● Data extract:
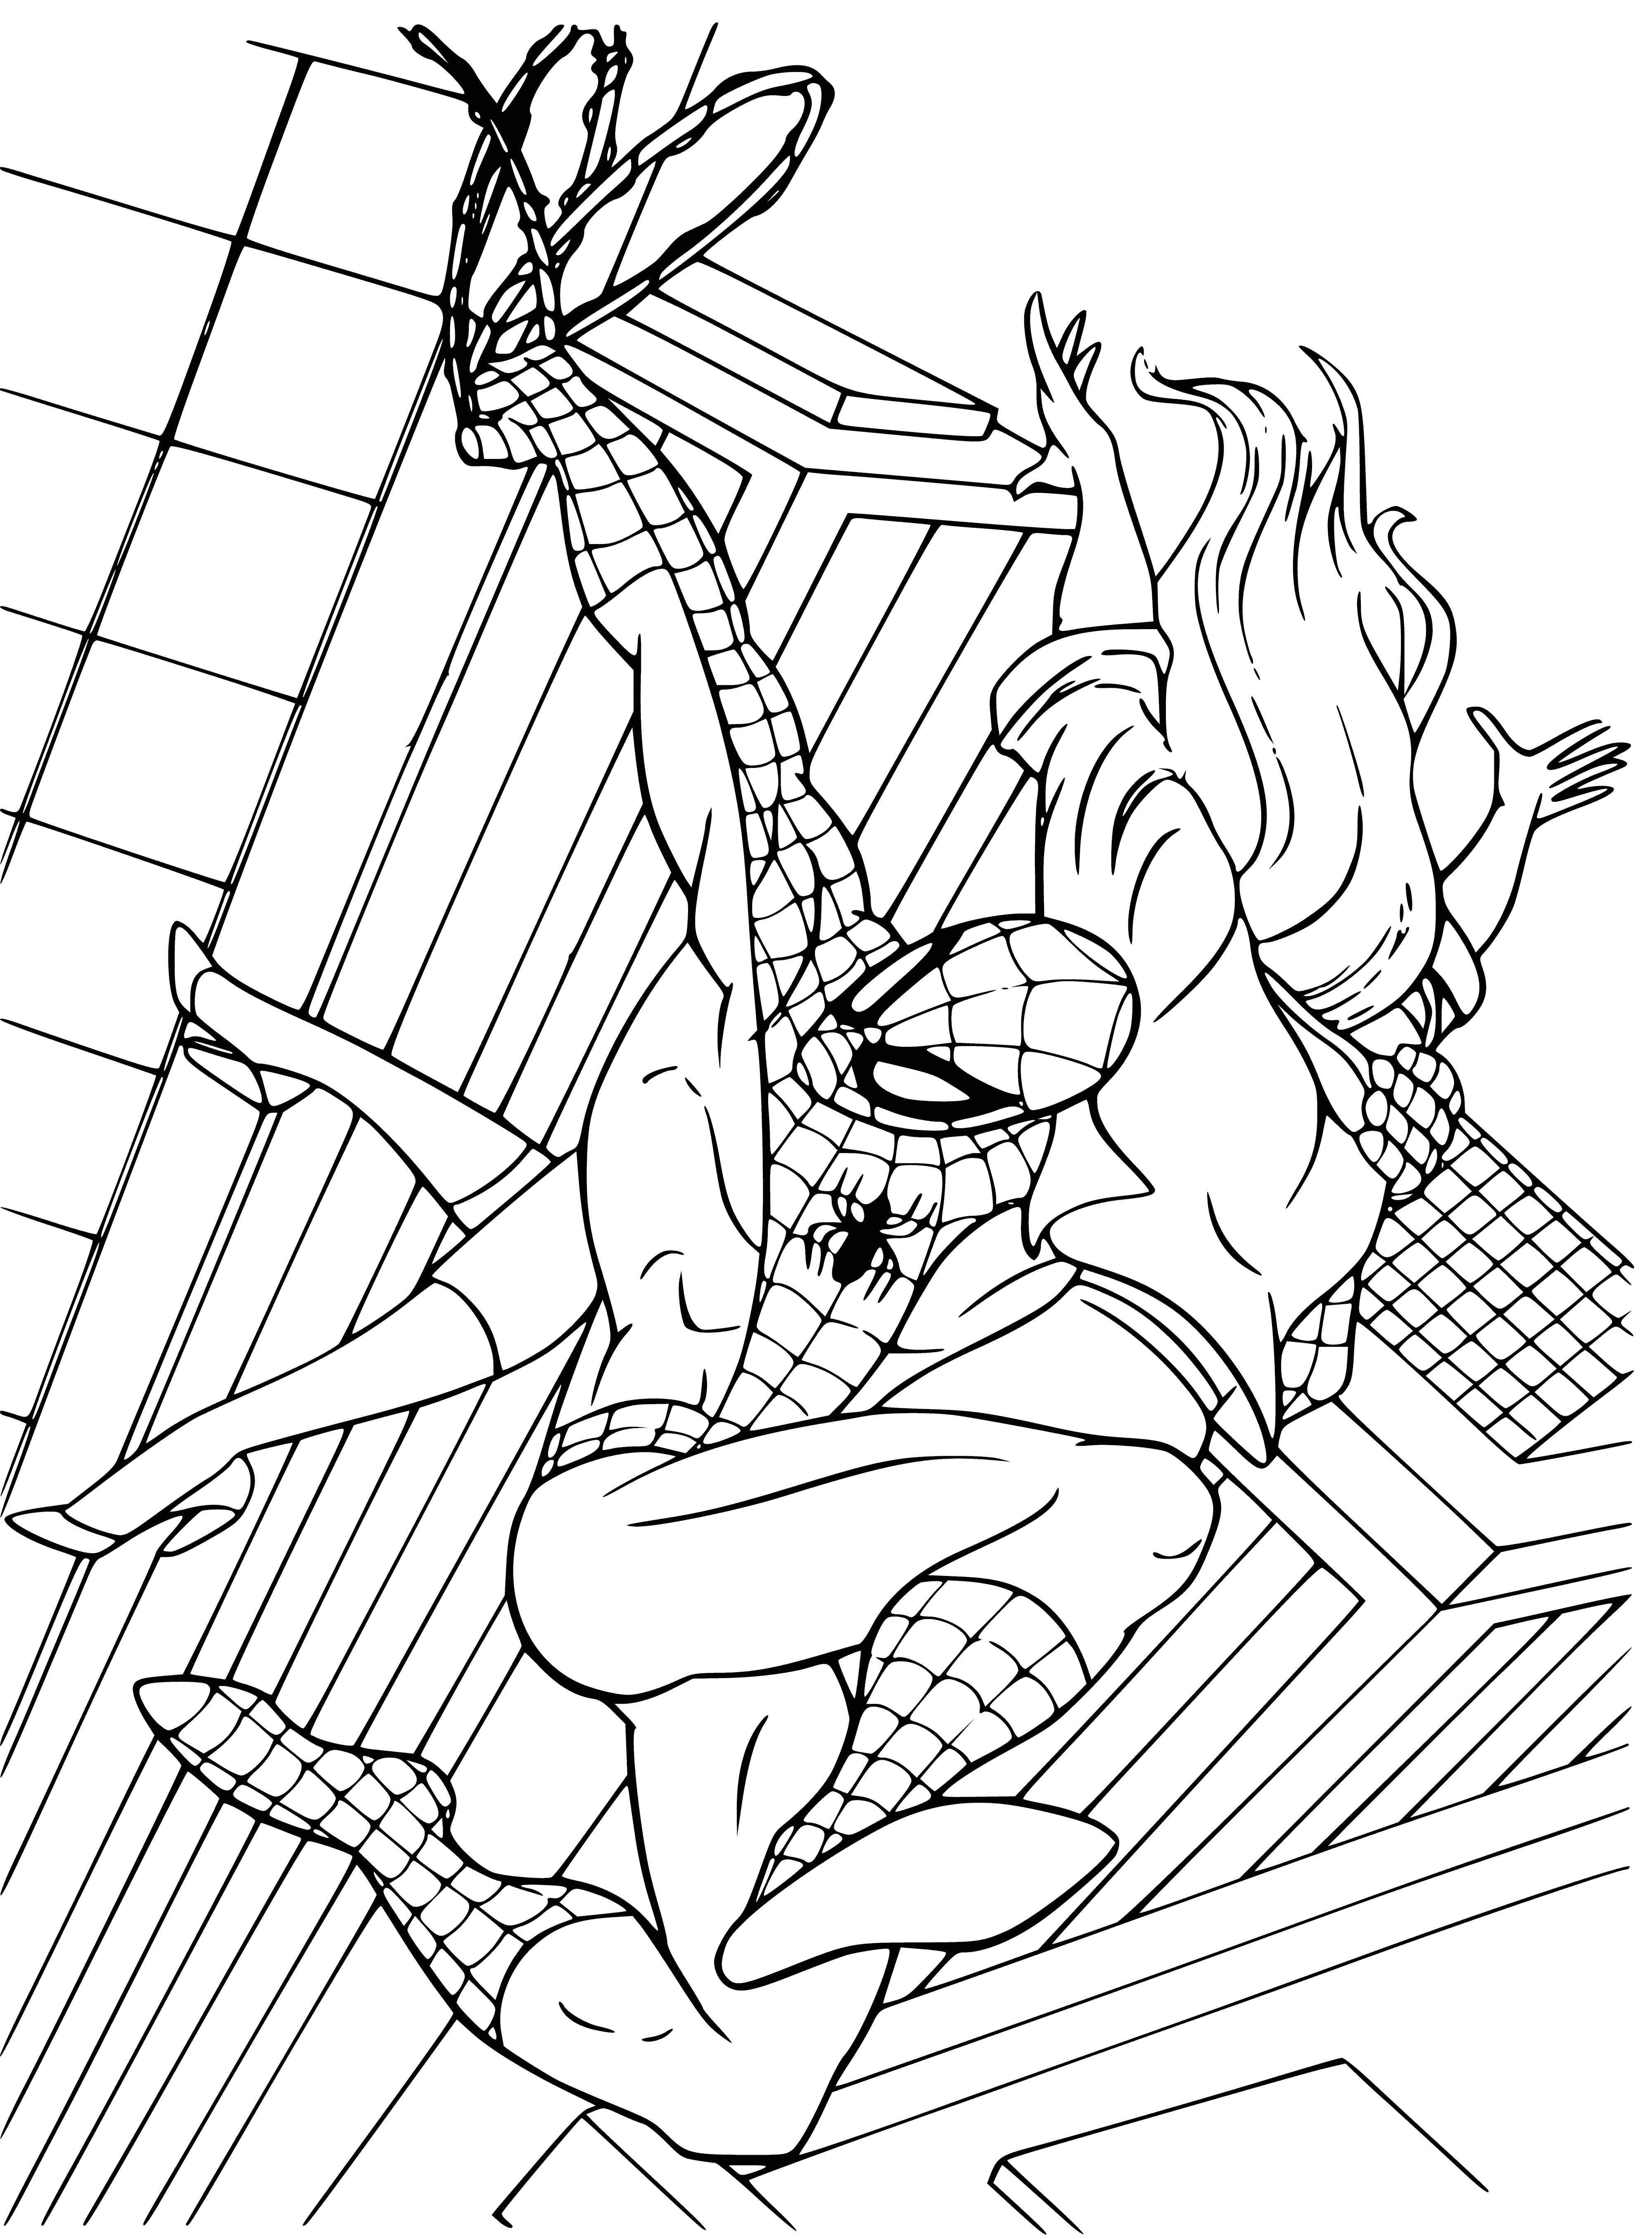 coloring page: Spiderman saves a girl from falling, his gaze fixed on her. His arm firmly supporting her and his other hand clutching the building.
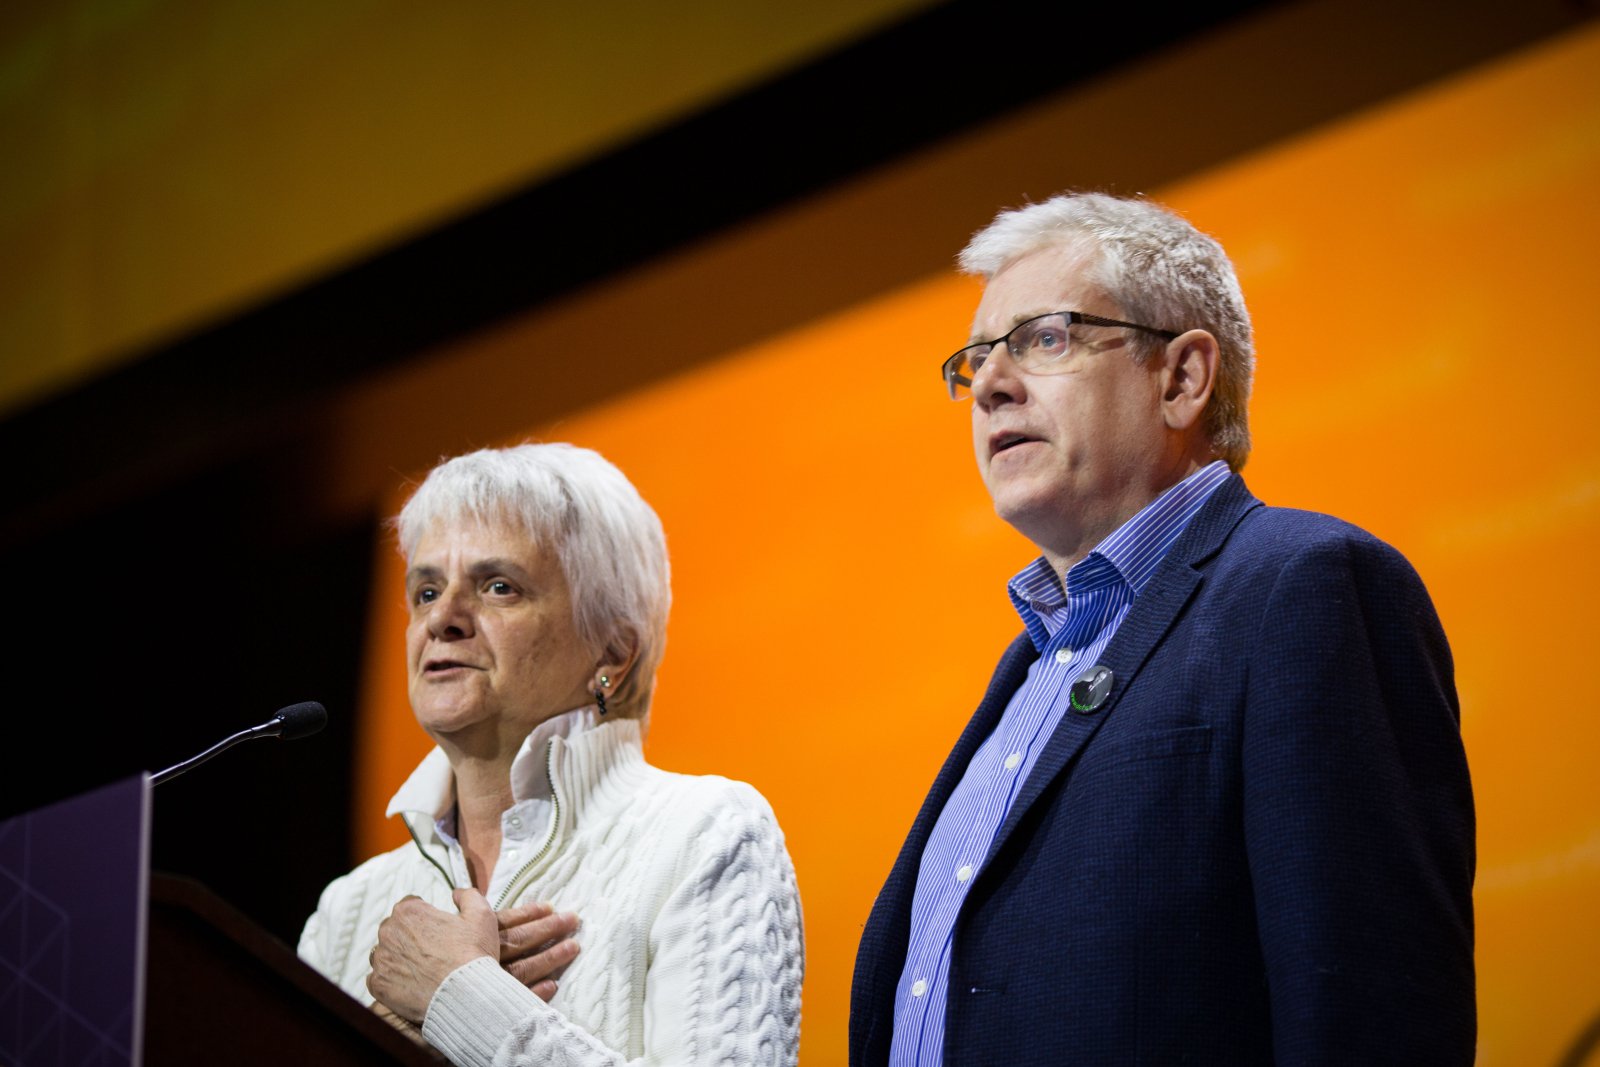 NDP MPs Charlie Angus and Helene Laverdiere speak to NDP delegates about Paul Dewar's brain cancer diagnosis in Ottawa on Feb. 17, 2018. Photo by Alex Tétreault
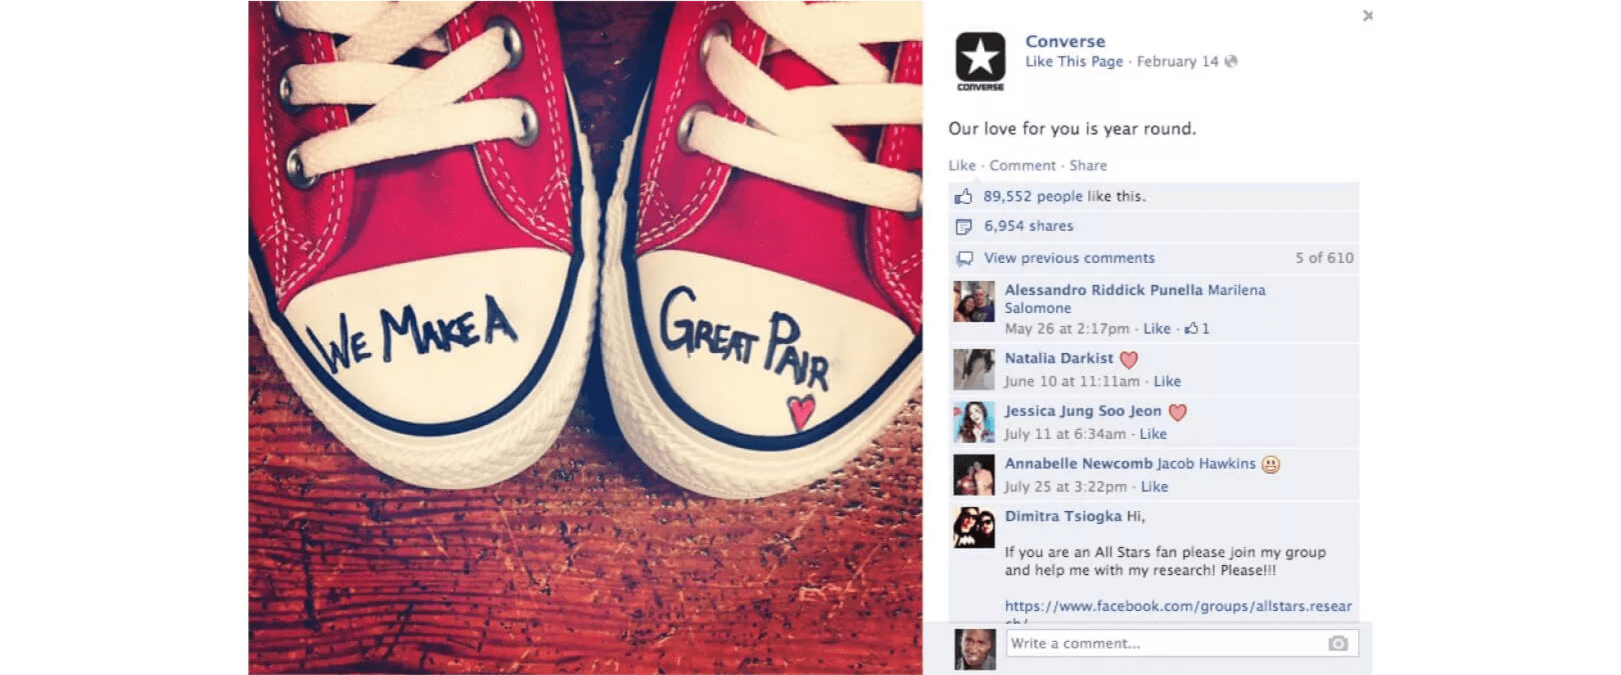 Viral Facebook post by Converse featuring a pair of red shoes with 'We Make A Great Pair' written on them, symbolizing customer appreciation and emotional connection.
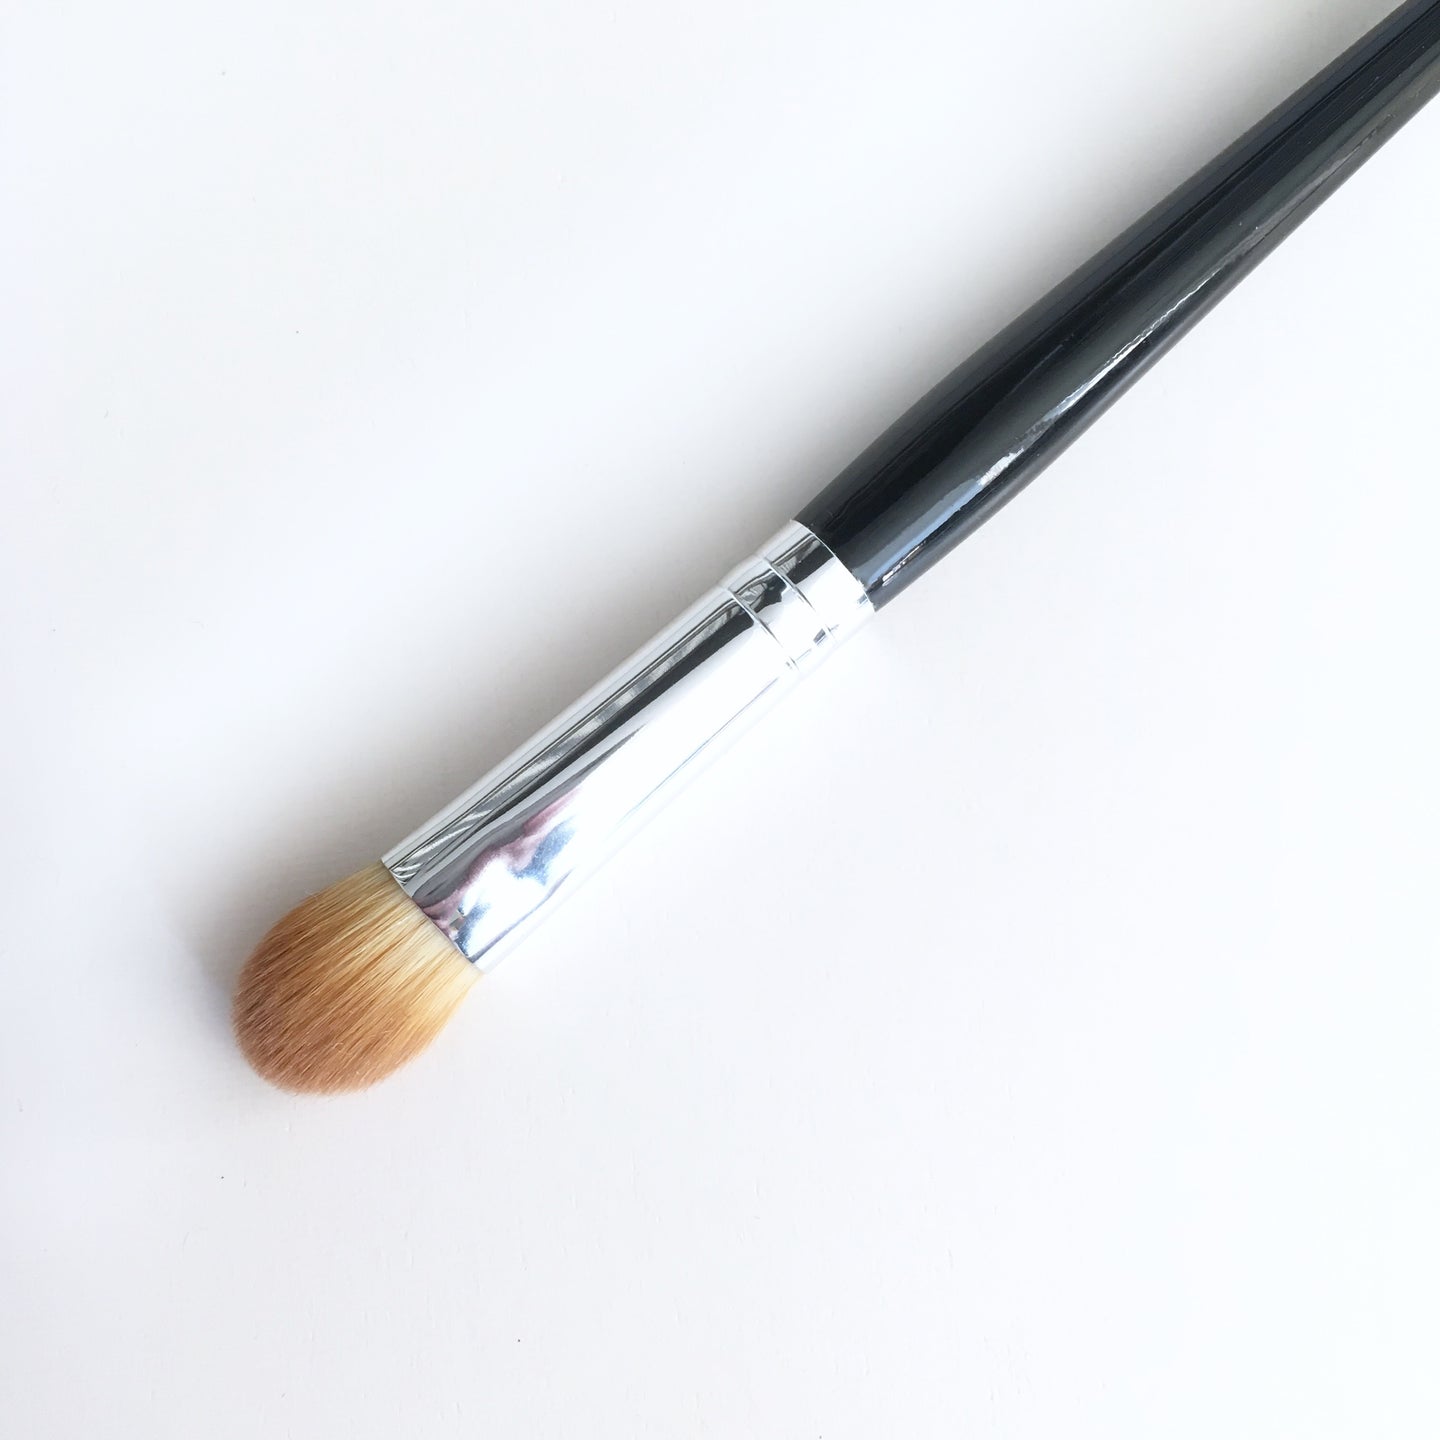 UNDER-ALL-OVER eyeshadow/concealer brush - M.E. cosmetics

● Work request:
Leave the pictures out and copy the rest of the data exactly.

● Answer section:
 coloring page: Spiderman saves a girl from falling, his gaze fixed on her. His arm firmly supporting her and his other hand clutching the building.
 NDP MPs Charlie Angus and Helene Laverdiere speak to NDP delegates about Paul Dewar's brain cancer diagnosis in Ottawa on Feb. 17, 2018. Photo by Alex Tétreault
 Viral Facebook post by Converse featuring a pair of red shoes with 'We Make A Great Pair' written on them, symbolizing customer appreciation and emotional connection.
 UNDER-ALL-OVER eyeshadow/concealer brush - M.E. cosmetics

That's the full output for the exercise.